= Harlow Sculpture Town =

Sculpture collection in Harlow, Essex, England

Harlow Sculpture Town is a title used since 2009 to refer to the collection of over 90 public sculptures sited throughout the town of Harlow in the English county of Essex. This collection includes work by major international sculptors such as Auguste Rodin, Henry Moore, Elisabeth Frink and Barbara Hepworth, amongst others.

The collection has its foundation in the early days of the town itself, which is a former Mark 1 New Town built as part of a nationwide programme of post-war reconstruction. Harlow’s master planner Sir Frederick Gibberd was uncompromising in his vision that the town should be home not only to high quality housing, public amenities and expansive green spaces, but also to the finest works of art. He established Harlow Art Trust in 1953 with a mission to beautify Harlow by commissioning, siting and maintaining public art, and it has been in operation ever since.

The decision to refer to the sculpture collection as Harlow Sculpture Town was first proposed in 2008 by Michael Paraskos who was working at the time for the Harlow Arts Trust, which owns most of the public sculpture on show in Harlow.

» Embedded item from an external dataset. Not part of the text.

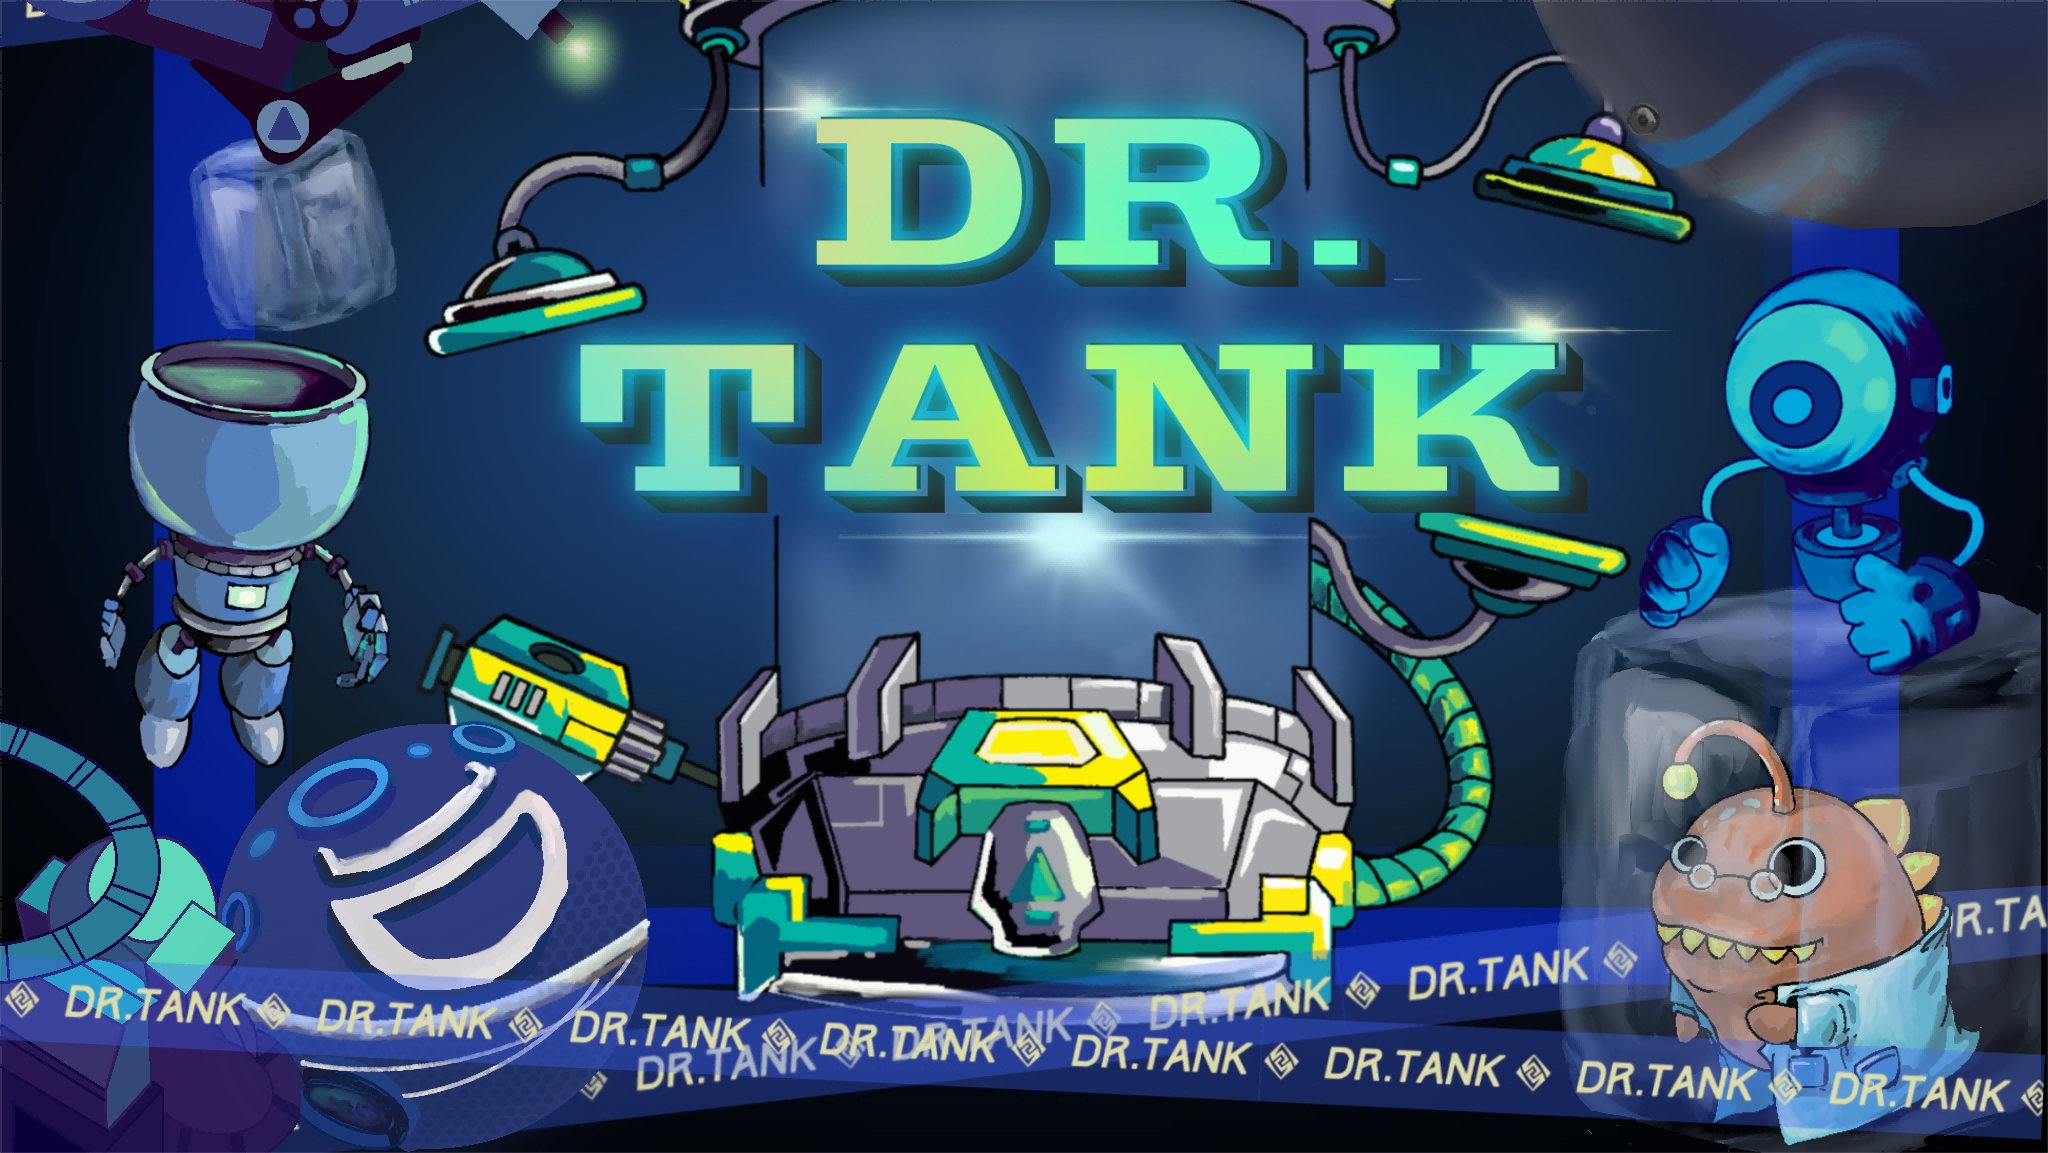 DR.TANK

On the 26 March 2009 Harlow Council voted to approve a proposal made by the Trust to redesignate Harlow as 'Harlow Sculpture Town' and initially the new title was used on council and other tourist publications, and on local road signs.

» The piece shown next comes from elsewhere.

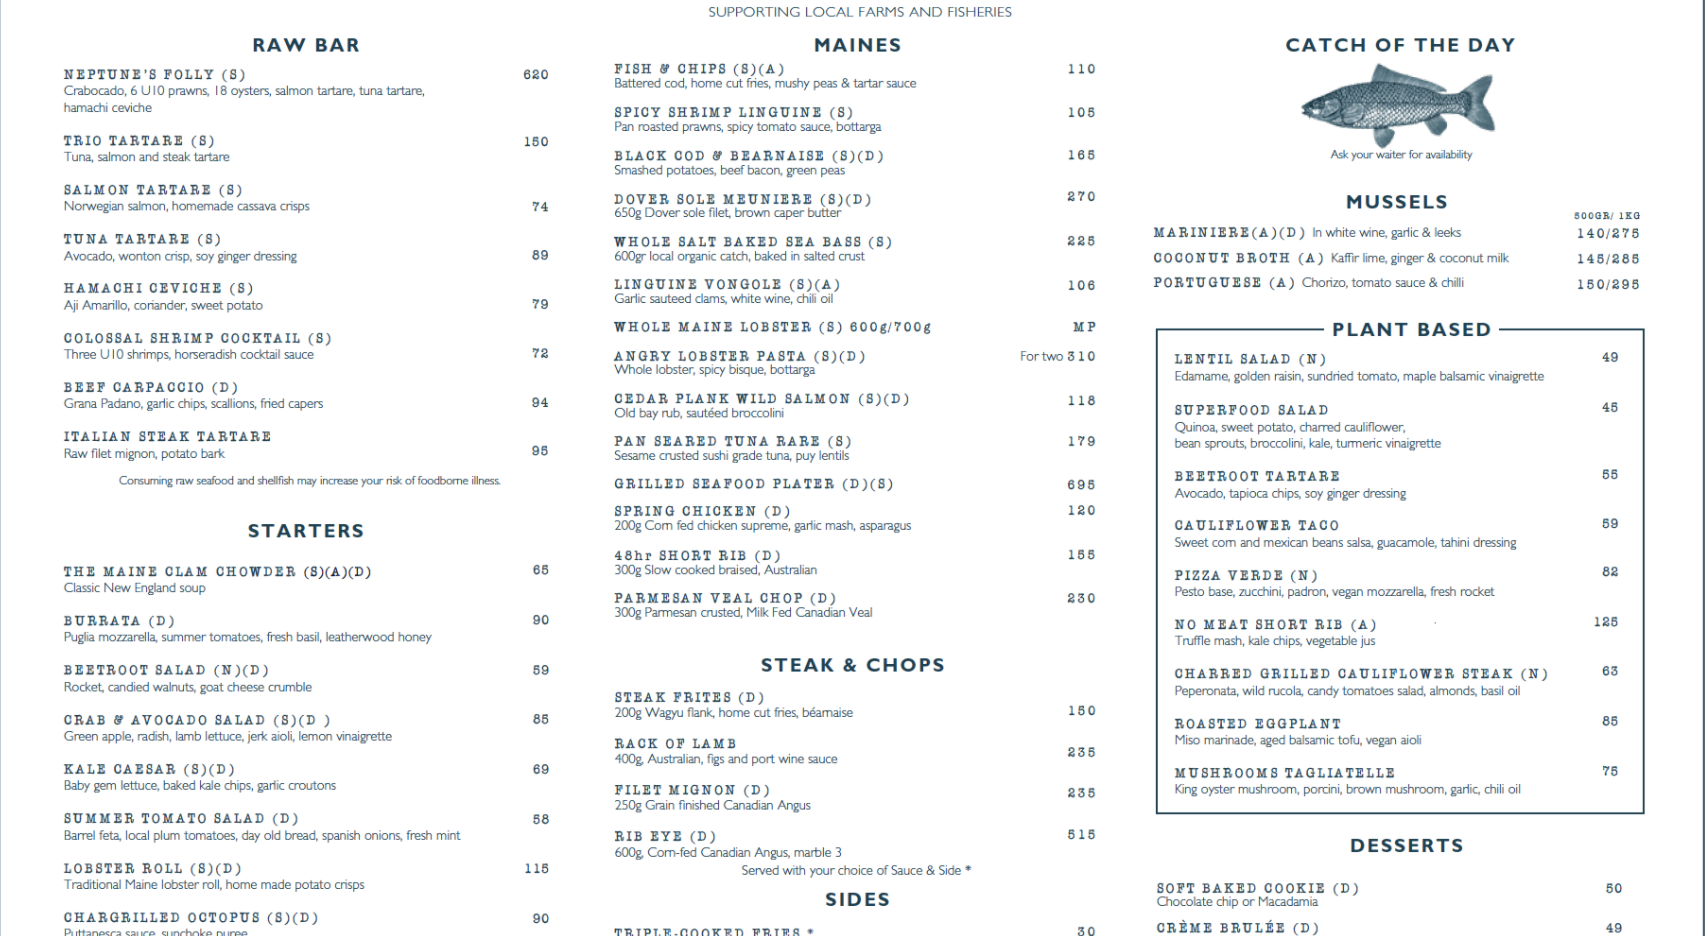 The MAINE Oyster Bar & Grill, JBR menu

The sculpture collection has grown to be part of the town’s social fabric and are now repositories of the personal histories and collective memory of successive generations. They remain a focal point of cultural activity for schools, community groups, and visitors. Harlow Art Trust works with developers to commission new work and also runs an annual Sculpture Town Artist in Residence programme, giving an early career artist the opportunity to contribute their work to this collection of national significance.